Vocal separation

This notebook demonstrates a simple technique for separating vocals (and other sporadic foreground signals) from accompanying instrumentation.

This is based on the “REPET-SIM” method of Rafii and Pardo, 2012, but includes a couple of modifications and extensions:

• FFT windows overlap by 1/4, instead of 1/2
• Non-local filtering is converted into a soft mask by Wiener filtering. This is similar in spirit to the soft-masking method used by Fitzgerald, 2012, but is a bit more numerically stable in practice.

# Code source: Brian McFee
# License: ISC

##################
# Standard imports
from __future__ import print_function
import numpy as np
import matplotlib.pyplot as plt
import librosa

import librosa.display

Load an example with vocals.

y, sr = librosa.load('audio/Cheese_N_Pot-C_-_16_-_The_Raps_Well_Clean_Album_Version.mp3', duration=120)


# And compute the spectrogram magnitude and phase
S_full, phase = librosa.magphase(librosa.stft(y))

Plot a 5-second slice of the spectrum

idx = slice(*librosa.time_to_frames([30, 35], sr=sr))
plt.figure(figsize=(12, 4))
librosa.display.specshow(librosa.amplitude_to_db(S_full[:, idx], ref=np.max),
                         y_axis='log', x_axis='time', sr=sr)
plt.colorbar()
plt.tight_layout()

The wiggly lines above are due to the vocal component. Our goal is to separate them from the accompanying instrumentation.

# We'll compare frames using cosine similarity, and aggregate similar frames
# by taking their (per-frequency) median value.
#
# To avoid being biased by local continuity, we constrain similar frames to be
# separated by at least 2 seconds.
#
# This suppresses sparse/non-repetetitive deviations from the average spectrum,
# and works well to discard vocal elements.

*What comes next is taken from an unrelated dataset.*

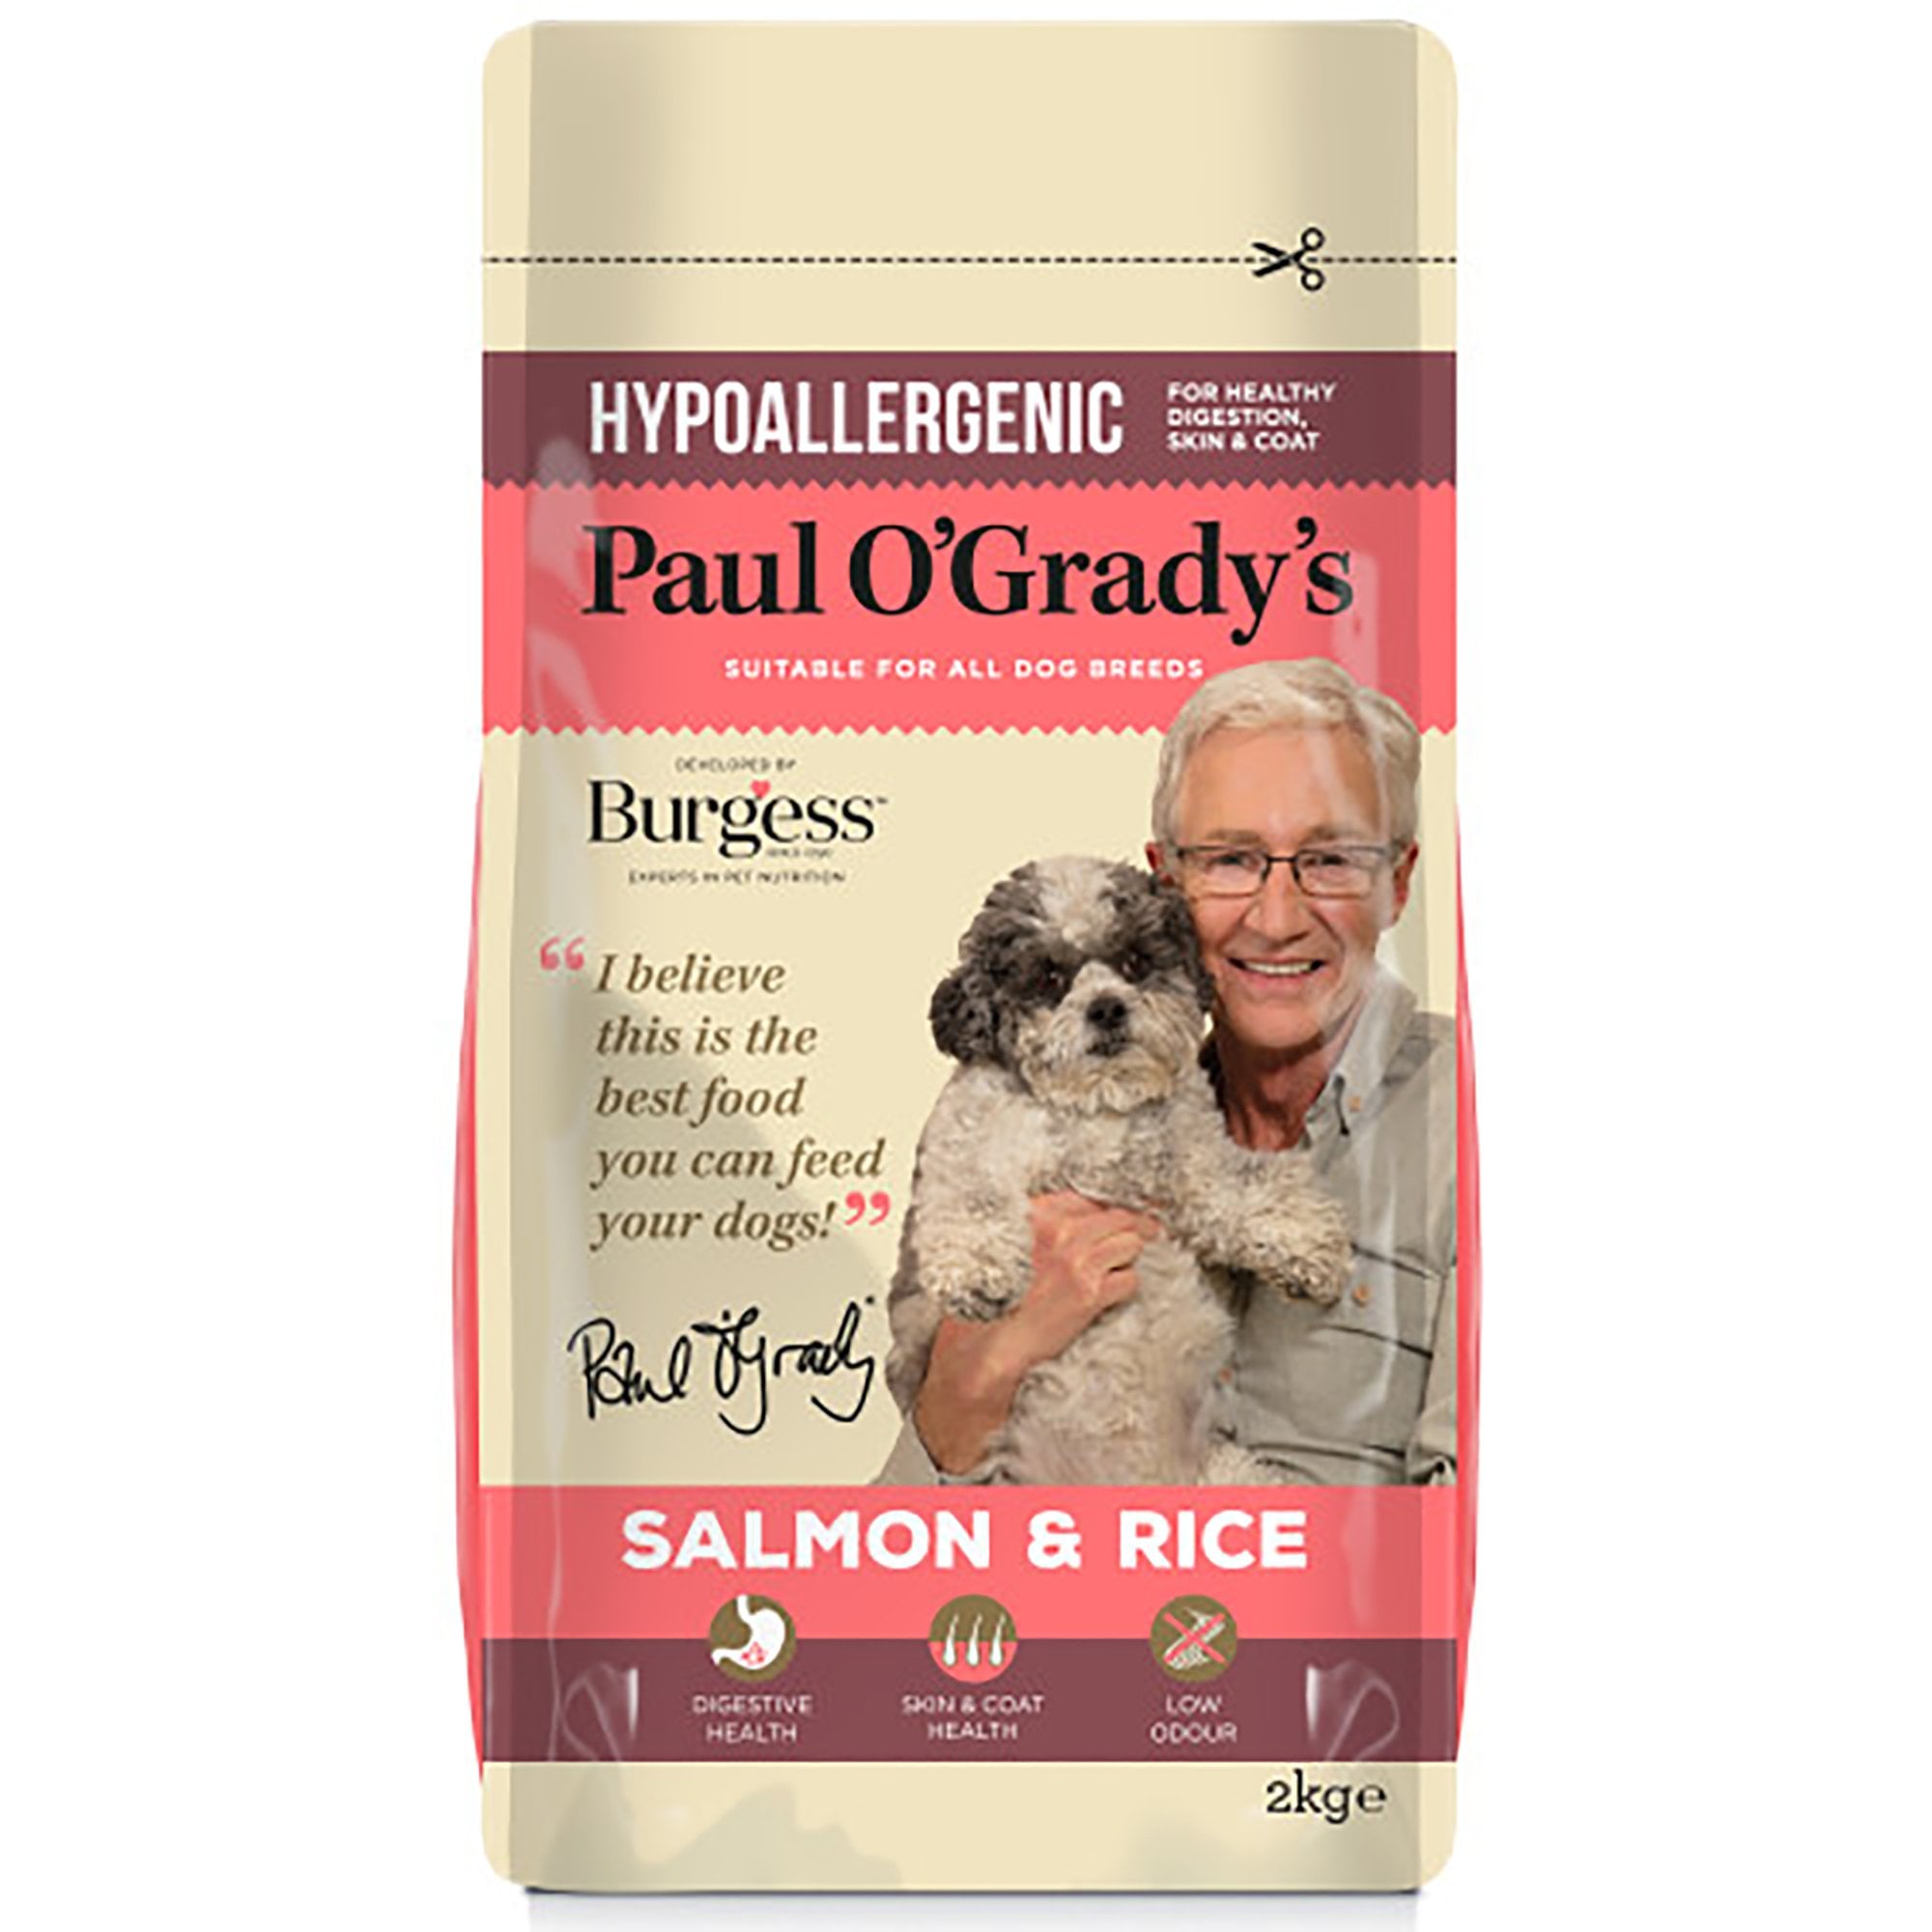 Paul O'Grady's Hypoallergenic Salmon & Rice Dog Food

S_filter = librosa.decompose.nn_filter(S_full,
                                       aggregate=np.median,
                                       metric='cosine',
                                       width=int(librosa.time_to_frames(2, sr=sr)))

# The output of the filter shouldn't be greater than the input
# if we assume signals are additive.  Taking the pointwise minimium
# with the input spectrum forces this.
S_filter = np.minimum(S_full, S_filter)

The raw filter output can be used as a mask, but it sounds better if we use soft-masking.

# We can also use a margin to reduce bleed between the vocals and instrumentation masks.
# Note: the margins need not be equal for foreground and background separation
margin_i, margin_v = 2, 10
power = 2

mask_i = librosa.util.softmask(S_filter,
                               margin_i * (S_full - S_filter),
                               power=power)

mask_v = librosa.util.softmask(S_full - S_filter,
                               margin_v * S_filter,
                               power=power)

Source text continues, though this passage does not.